What do you Know about Sleep?

Main health effects of sleep deprivation (See ...
Image via Wikipedia, maybe you need to

If you are not getting enough sleep, maybe you need to know more about it. It could save you from job loss, family break-ups and simply from being tired all of the time. The following information is for your general use, if you are suffering from any of the symptoms indicated you should contact your Physician.

During sleep, we usually pass through five phases of sleep: stages 1, 2, 3,  4, and REM (rapid eye movement) sleep. These stages progress in a cycle from  stage 1 to REM sleep, then the cycle  starts over again with stage 1. We spend almost 50 percent of our total sleep  time in stage 2 sleep, about 20 percent in REM sleep, and the remaining 30  percent in the other stages. Infants, by contrast, spend about half of their  sleep time in REM sleep.

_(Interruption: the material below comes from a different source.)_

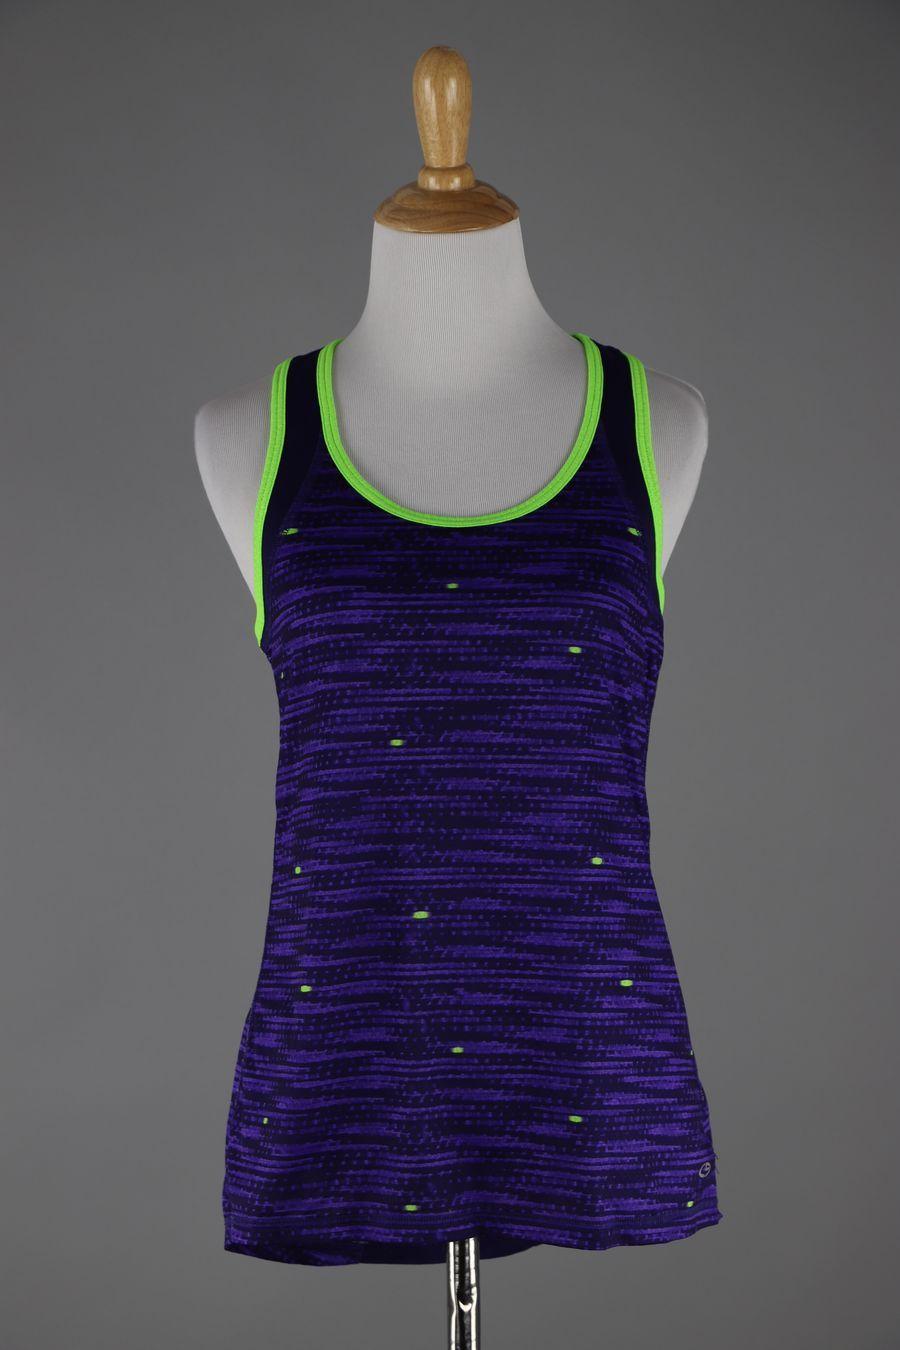 Champion duodry purple racer back active wear top size s goodtwice
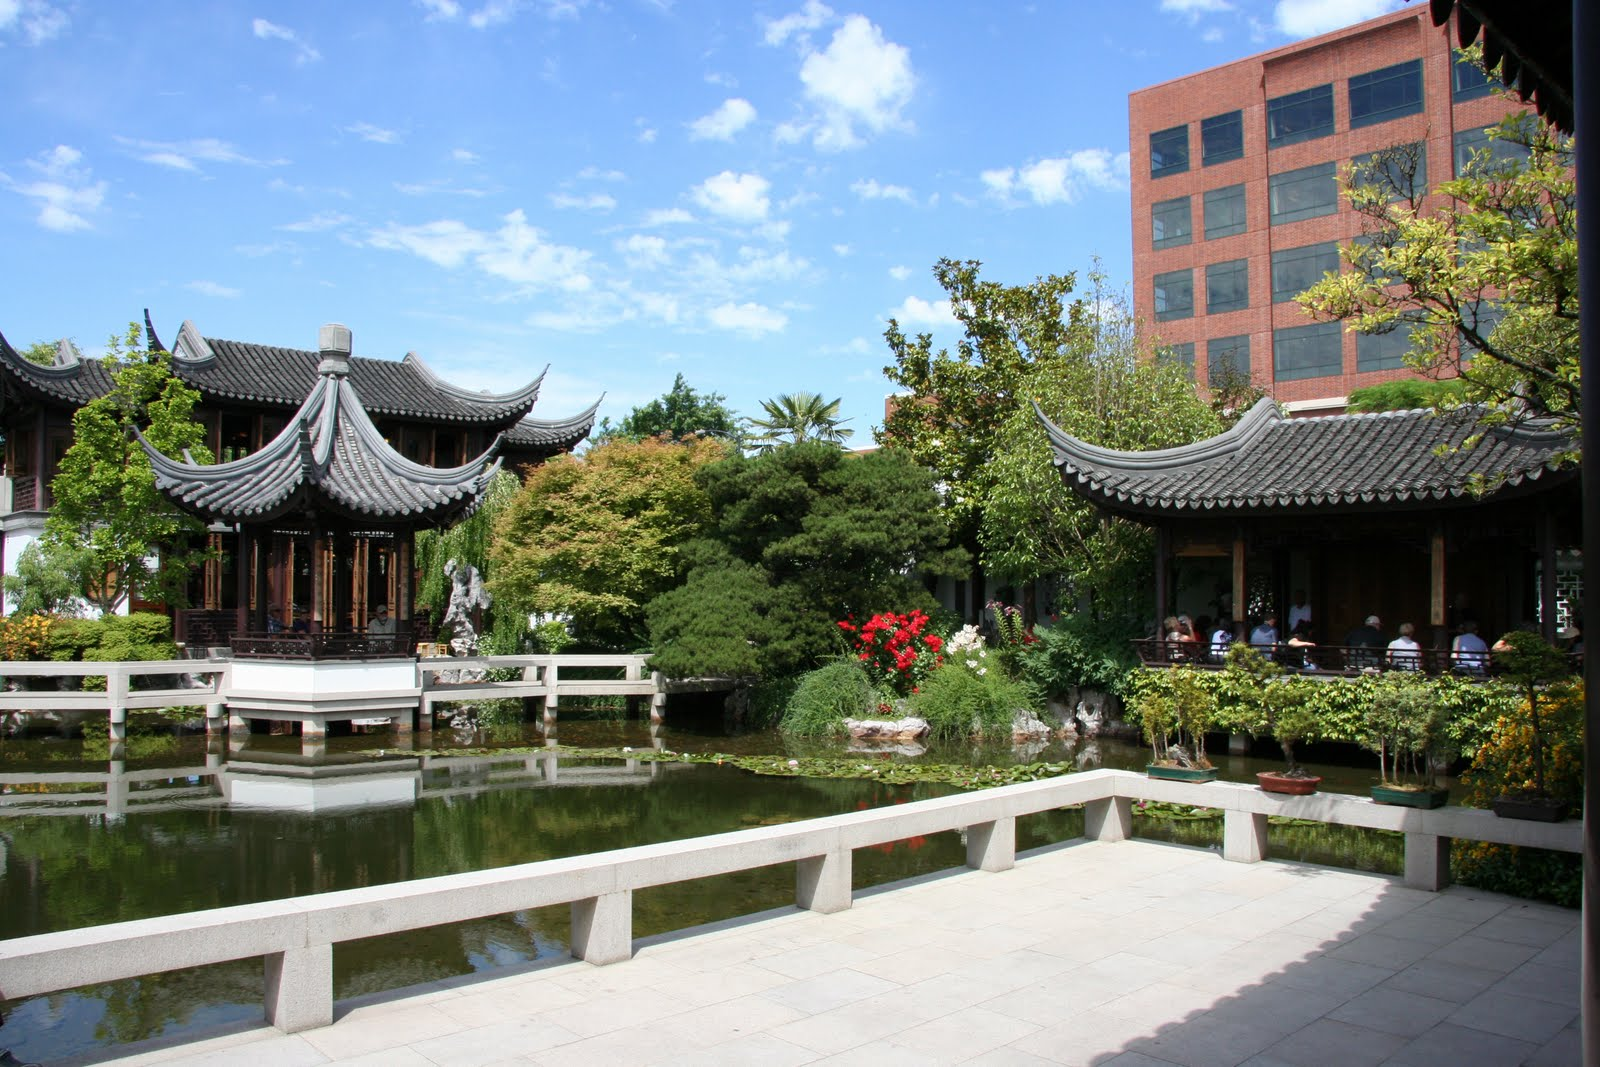 Daffodils Daydreams Garden Visit Lan Su Chinese Garden in

During stage 1, which is light sleep, we drift in and out of sleep and can be  awakened easily. Our eyes move very slowly and muscle activity slows. People  awakened from stage 1 sleep often remember fragmented visual images. Many also  experience sudden muscle contractions called hypnic myoclonia, often preceded by  a sensation of starting to fall. These sudden movements are similar to the  “jump” we make when startled. When we enter stage 2 sleep, our eye movements  stop and our brain waves (fluctuations of electrical activity that can be  measured by electrodes) become slower, with occasional bursts of rapid waves  called sleep spindles. In stage 3, extremely slow brain waves called delta waves  begin to appear, interspersed with smaller, faster waves. By stage 4, the brain  produces delta waves almost exclusively. It is very difficult to wake someone  during stages 3 and 4, which together are called deep sleep. There is no eye  movement or muscle activity. People awakened during deep sleep do not adjust immediately and often feel groggy and disoriented for several minutes after they  wake up. Some children experience bedwetting,  night terrors, or sleepwalking during  deep sleep.

When we switch into REM sleep, our breathing becomes more rapid, irregular,  and shallow, our eyes jerk rapidly in various directions, and our limb muscles  become temporarily paralyzed. Our heart rate  increases, our blood pressure rises, and males develop penile erections. When  people awaken during REM sleep, they often describe bizarre and illogical  tales-dreams.

The first REM sleep period usually occurs about 70 to 90 minutes after we  fall asleep. A complete sleep cycle takes 90 to 110 minutes on average. The  first sleep cycles each night contain relatively short REM periods and long  periods of deep sleep. As the night progresses, REM sleep periods increase in  length while deep sleep decreases. By morning, people spend nearly all their  sleep time in stages 1, 2, and REM.

People awakened after sleeping more than a few minutes are usually unable to  recall the last few minutes before they fell asleep. This sleep-related form of amnesia is the reason people often forget telephone calls or conversations  they’ve had in the middle of the night. It also explains why we often do not  remember our alarms ringing in the morning if we go right back to sleep after  turning them off.

Since sleep and wakefulness are influenced by different neurotransmitter signals in the brain, foods and medicines that change the  balance of these signals affect whether we feel alert or drowsy and how well we  sleep. Caffeinated drinks such as coffee and drugs such as diet pills and  decongestants stimulate some parts of the brain and can cause insomnia, or an inability to sleep. Many antidepressants suppress REM sleep.  Heavy smokers often sleep very lightly and have reduced amounts of REM sleep.  They also tend to wake up after 3 or 4 hours of sleep due to nicotine withdrawal. Many people who suffer from insomnia try to solve the  problem with alcohol-the so-called nightcap. While alcohol does help people fall into light sleep, it also robs them of REM and  the deeper, more restorative stages of sleep. Instead, it keeps them in the  lighter stages of sleep, from which they can be awakened easily.

People lose some of the ability to regulate their body temperature during  REM, so abnormally hot or cold temperatures in the environment can disrupt this  stage of sleep. If our REM sleep is disrupted one night, our bodies don’t follow  the normal sleep cycle progression the next time we doze off. Instead, we often  slip directly into REM sleep and go through extended periods of REM until we  “catch up” on this stage of sleep.

People who are under anesthesia or in a coma are often said to be asleep. However, people in these conditions cannot  be awakened and do not produce the complex, active brain wave patterns seen in  normal sleep. Instead, their brain waves are very slow and weak, sometimes all  but undetectable.